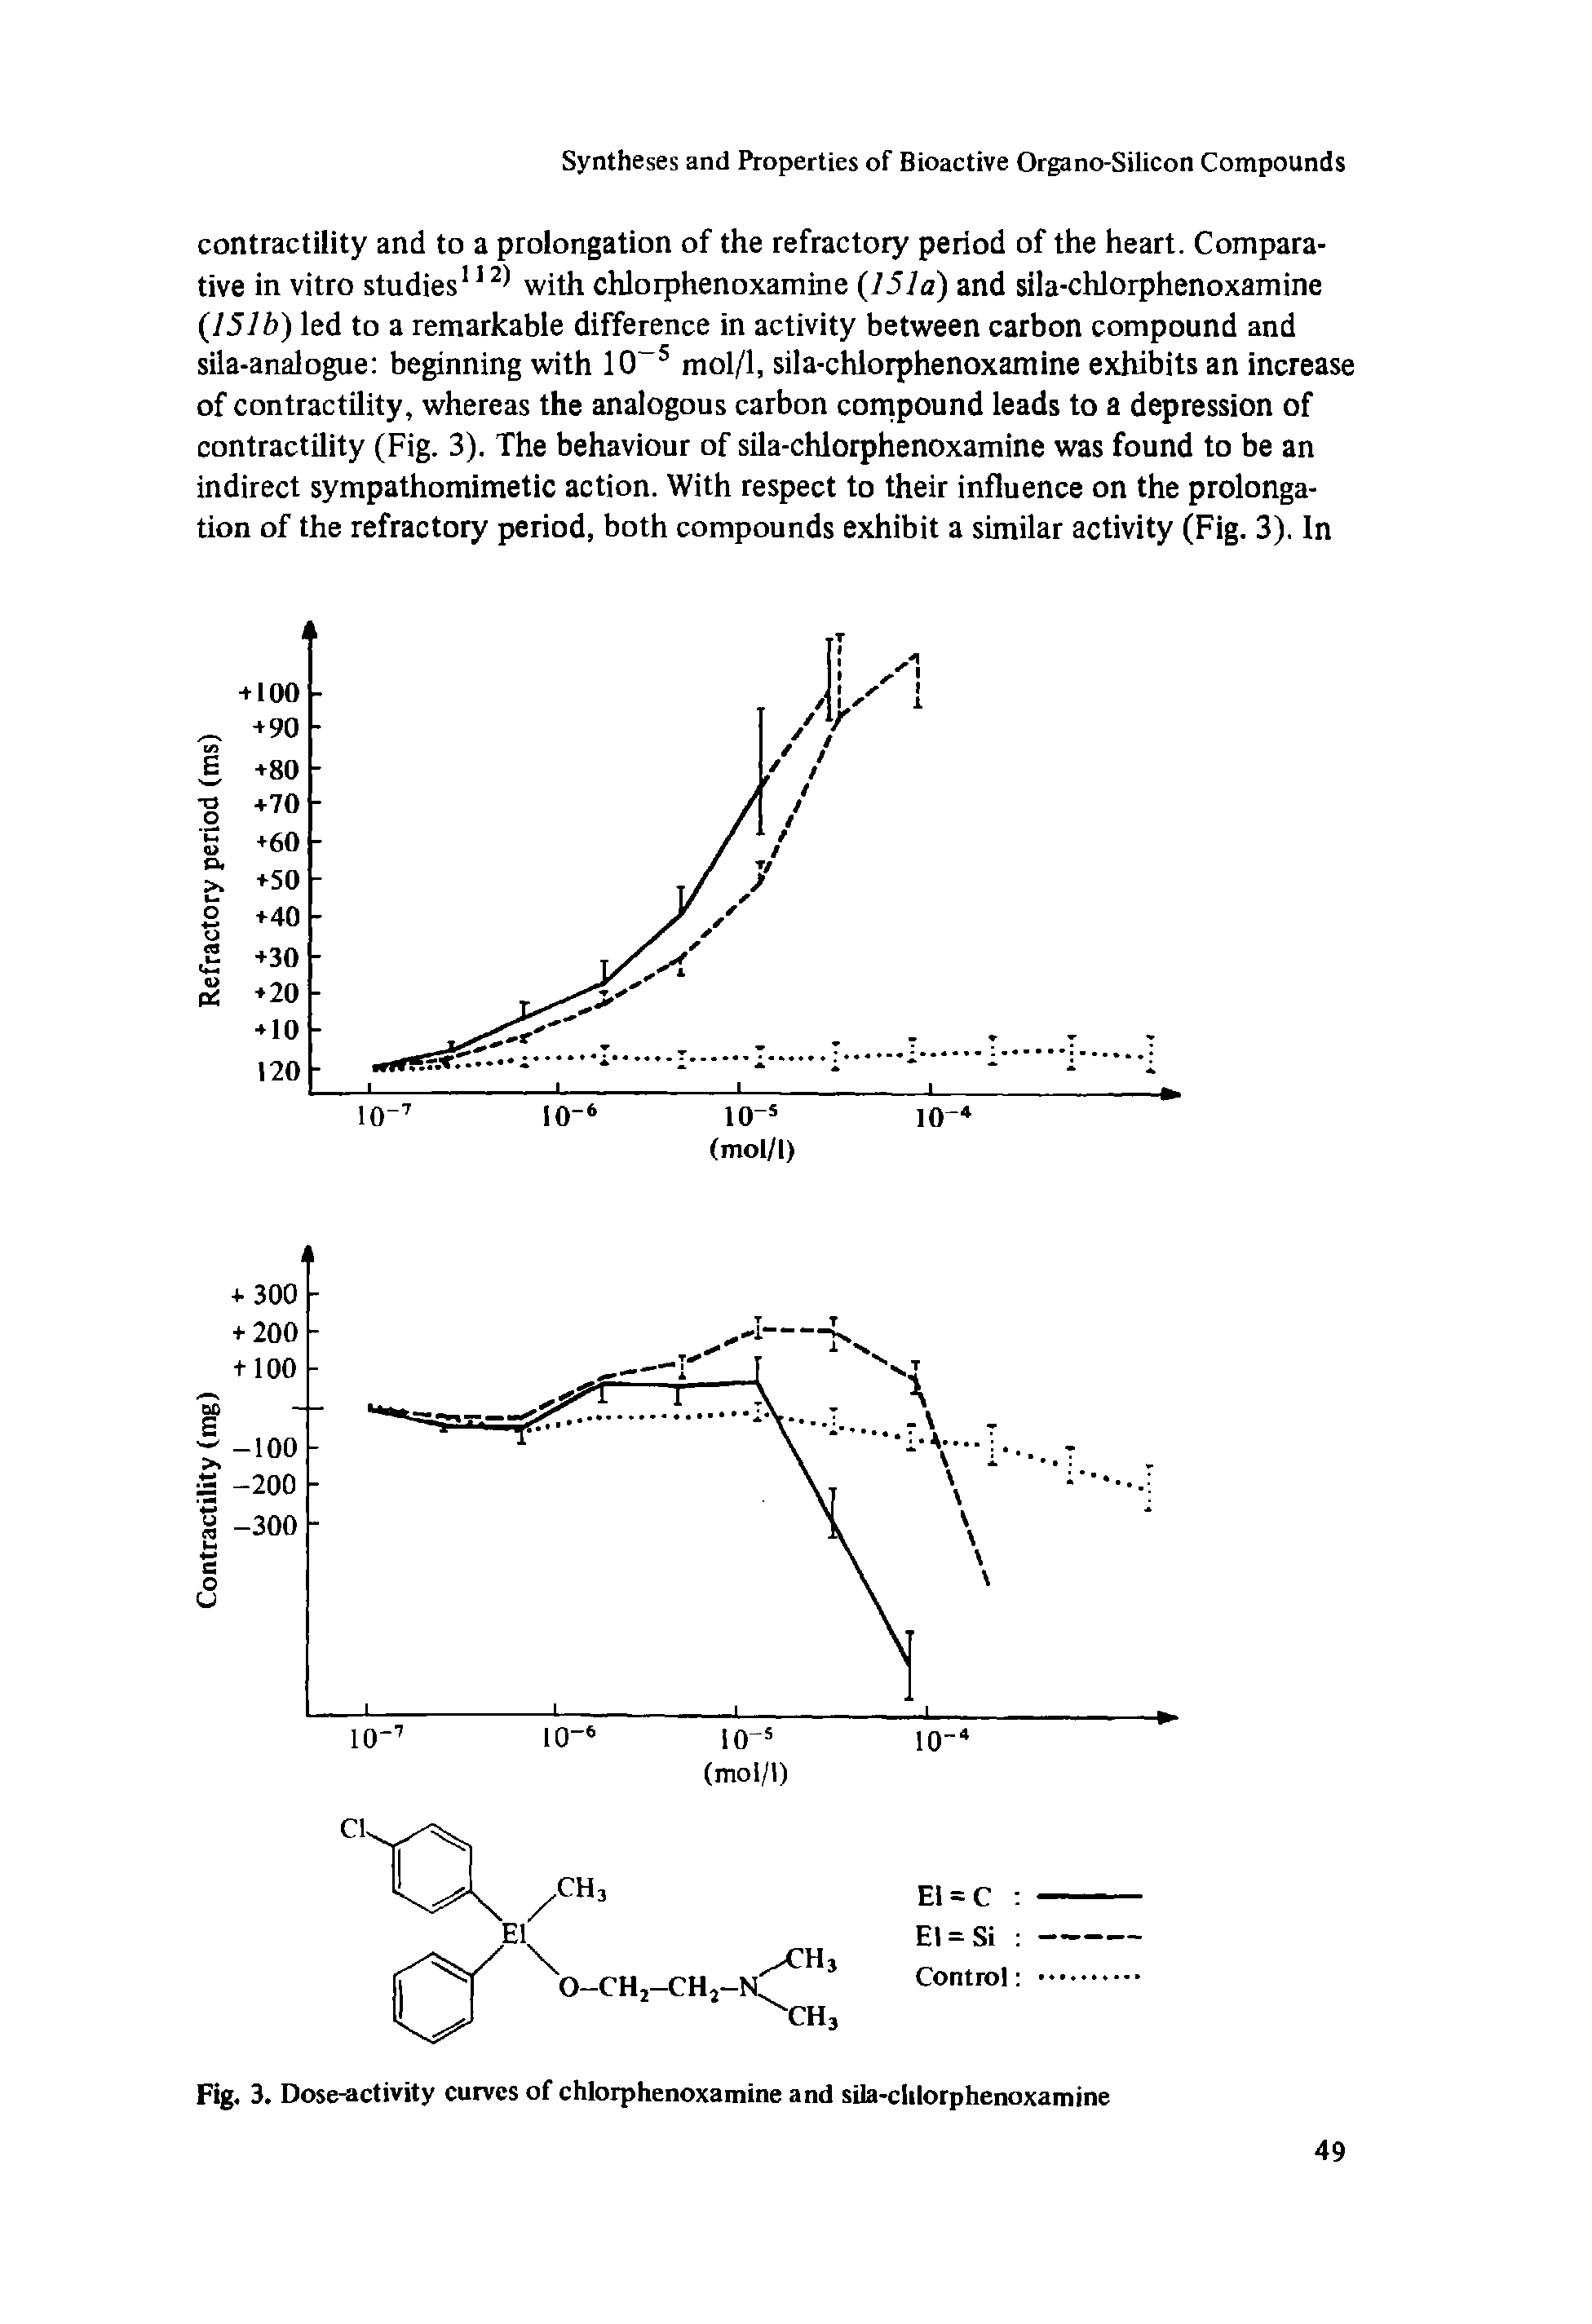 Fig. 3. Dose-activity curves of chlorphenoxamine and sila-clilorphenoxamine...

###

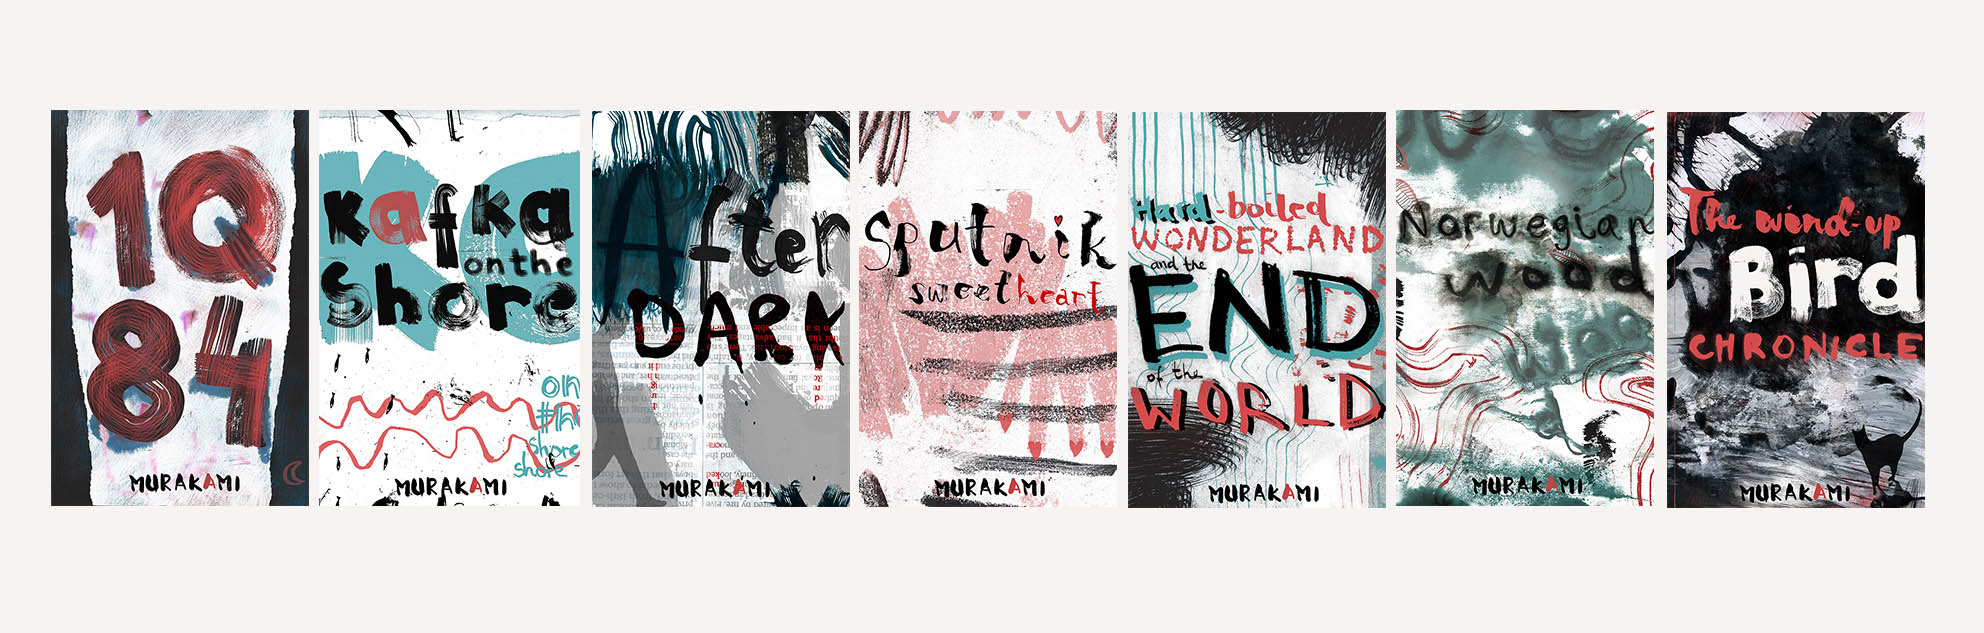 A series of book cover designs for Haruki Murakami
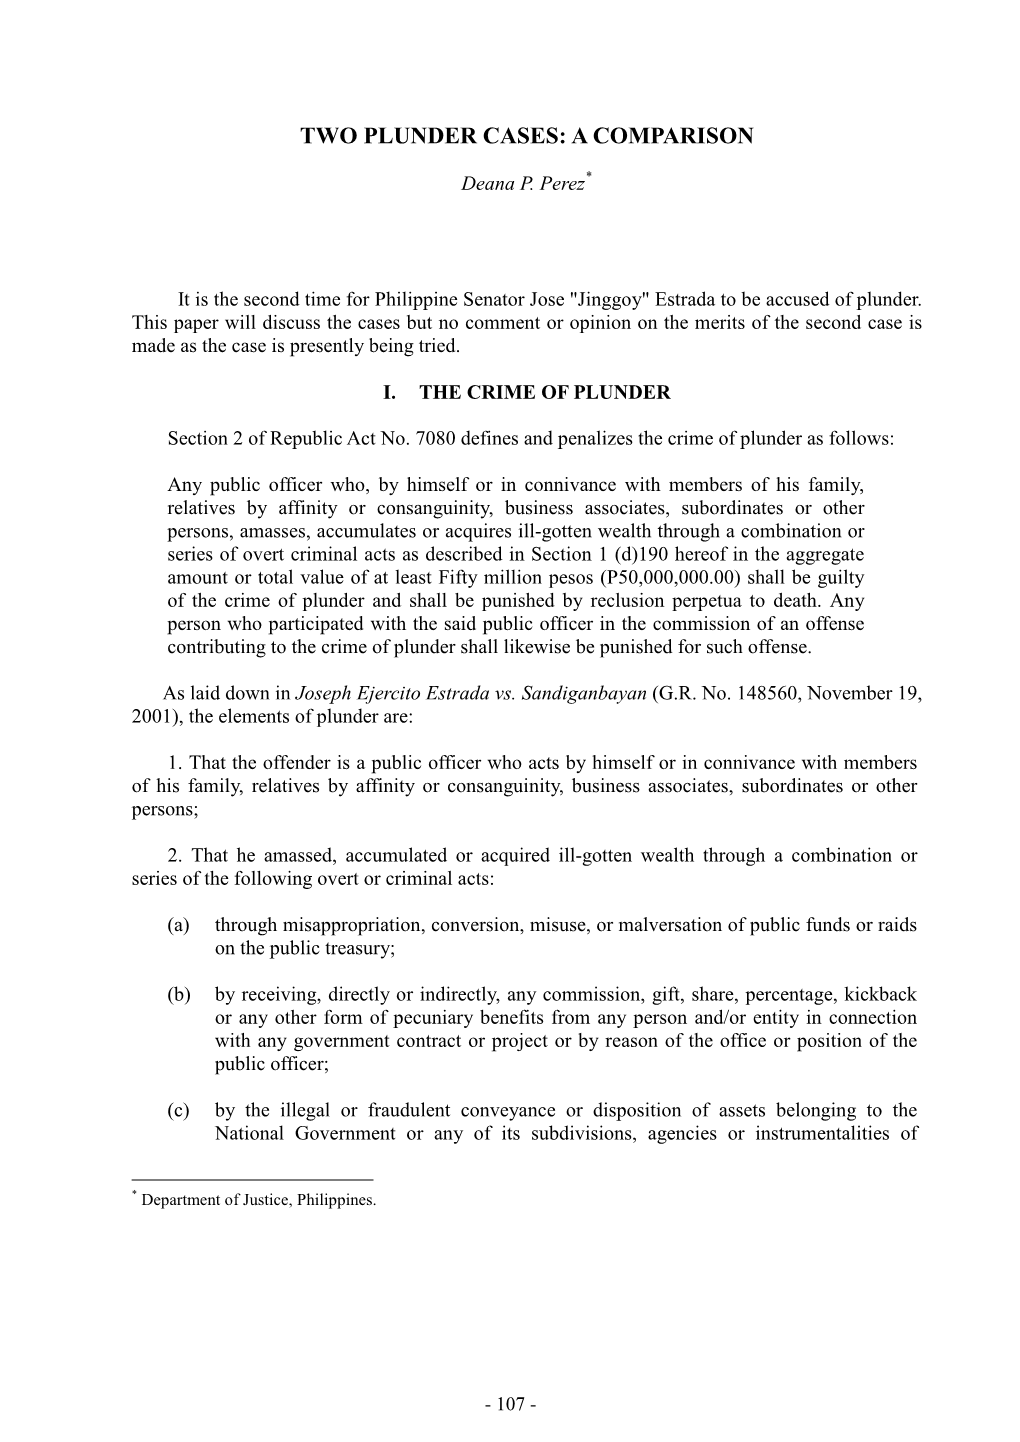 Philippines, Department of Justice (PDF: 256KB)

###

◆ **Aim of the exercise**
Give exactly the lines above that run from the line with "A series of" to the line with "Philippines, Department of", both included, leaving every picture out.

◆ **Response area**
 A series of book cover designs for Haruki Murakami
 Philippines, Department of Justice (PDF: 256KB)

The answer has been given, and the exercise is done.